Altogether, the results shown here and reported by other researchers give insights for the reasons behind the poor in vitro–in vivo translatability seen in nanoparticle research. The differences seen in the liposomal cell uptake between static and dynamic cultures support the use of dynamic cell culture methods in addition to the traditional well plate assays. According to our results, QuasiVivo is a suitable platform to utilize in the liposome research and to study externally triggered liposomes.
Methods
Materials and reagents
1,2-Dipalmitoyl-sn-glycero-3-phosphocholine (DPPC), 1,2-distearoyl-sn-glycero-3-phosphocholine (DSPC), 1-stearoyl-2-hydroxy-sn-glycero-3-phosphocholine (Lyso PC 18), and 1,2-distearoyl-sn-glycero-3-phosphoethanolamine-N-[methoxy(polyethylene glycol)-2000] (ammonium salt) (DSPE-PEG2000, 880120P) were purchased from Avanti® Polar Lipids, Inc., USA. 1,2-Dioleoyl-sn-glycero-3-phosphoethanolamine labelled with ATTO633 (ATTO633-DOPE; 90077, Lot# BCCF5108) and indocyanine green (ICG; 1340009) were purchased from Merck. Another vial of ATTO633-DOPE (AD 633-161; Lot# SA07X26), which was used only for HA-coated liposome uptake study, was purchased from ATTO-TEC GmbH. 1,2-distearoyl-sn-glycero-3-phosphoethanolamine-N-hyaluronic acid (DSPE-HA) was prepared according to reported method37, and the DSPE-HA conjugation was confirmed with Fourier-transform infrared spectroscopy (Supplementary Fig. S5).
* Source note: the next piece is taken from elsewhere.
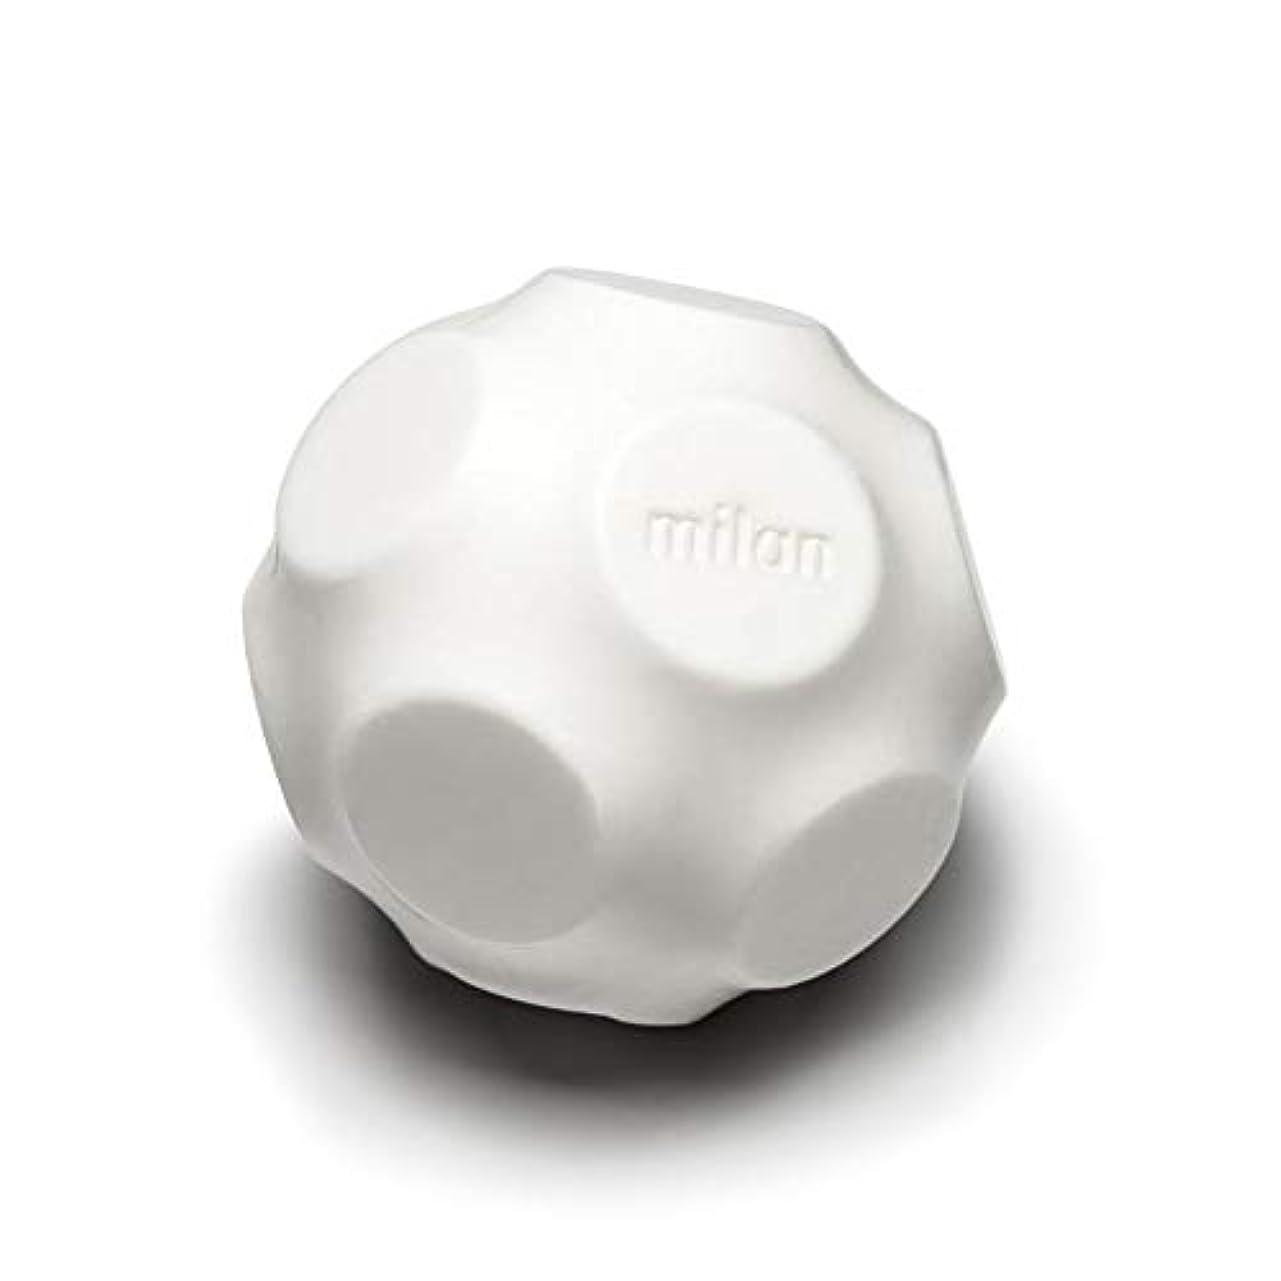 Maison Milan SIMONA ダイヤモンド粉 ホワイト 石鹸

Collagen from rat tail (Sigma-Aldrich, C7661-5MG, Lot# SLCB3933) was diluted into 0.25% acetic acid solution to obtain a 0.1% collagen stock solution. The stock solution was further diluted into a 0.01% working solution.
Dulbecco’s Modified Eagle’s Medium with high glucose (DMEM) (Sigma-Aldrich, D6429-500ML, Lot# RNBJ7900) supplemented with 10% fetal bovine serum (Gibco™, Thermo Fisher Scientific) and 1% penicillin–streptomycin (Gibco™, Thermo Fisher Scientific) was used in the cell experiments. LIVE/DEAD™ Viability/Cytotoxicity kit for mammalian cells (Invitrogen™, USA) and AlamarBlue Cell Viability Reagent (Invitrogen™, USA) were purchased from Thermo Fisher Scientific, Inc (USA).
QuasiVivo system characteristics
QuasiVivo system (Kirkstall Ltd, UK) contained a medium reservoir bottle (30 ml), air filter (0.2 µm PES; Corning 431229), two chambers (QV500), two inlet tubes (1/16 “), pump tubing, and one outlet tube (3/32″) (Fig. 6). Peristaltic flow was generated using Parker Polyflex 2- and 6-channel peristaltic pumps (PF22X0103 and PF-TP-601, Parker, USA). Cells were seeded on round glass coverslips (ø 12 mm, thickness 0.13–0.16 mm).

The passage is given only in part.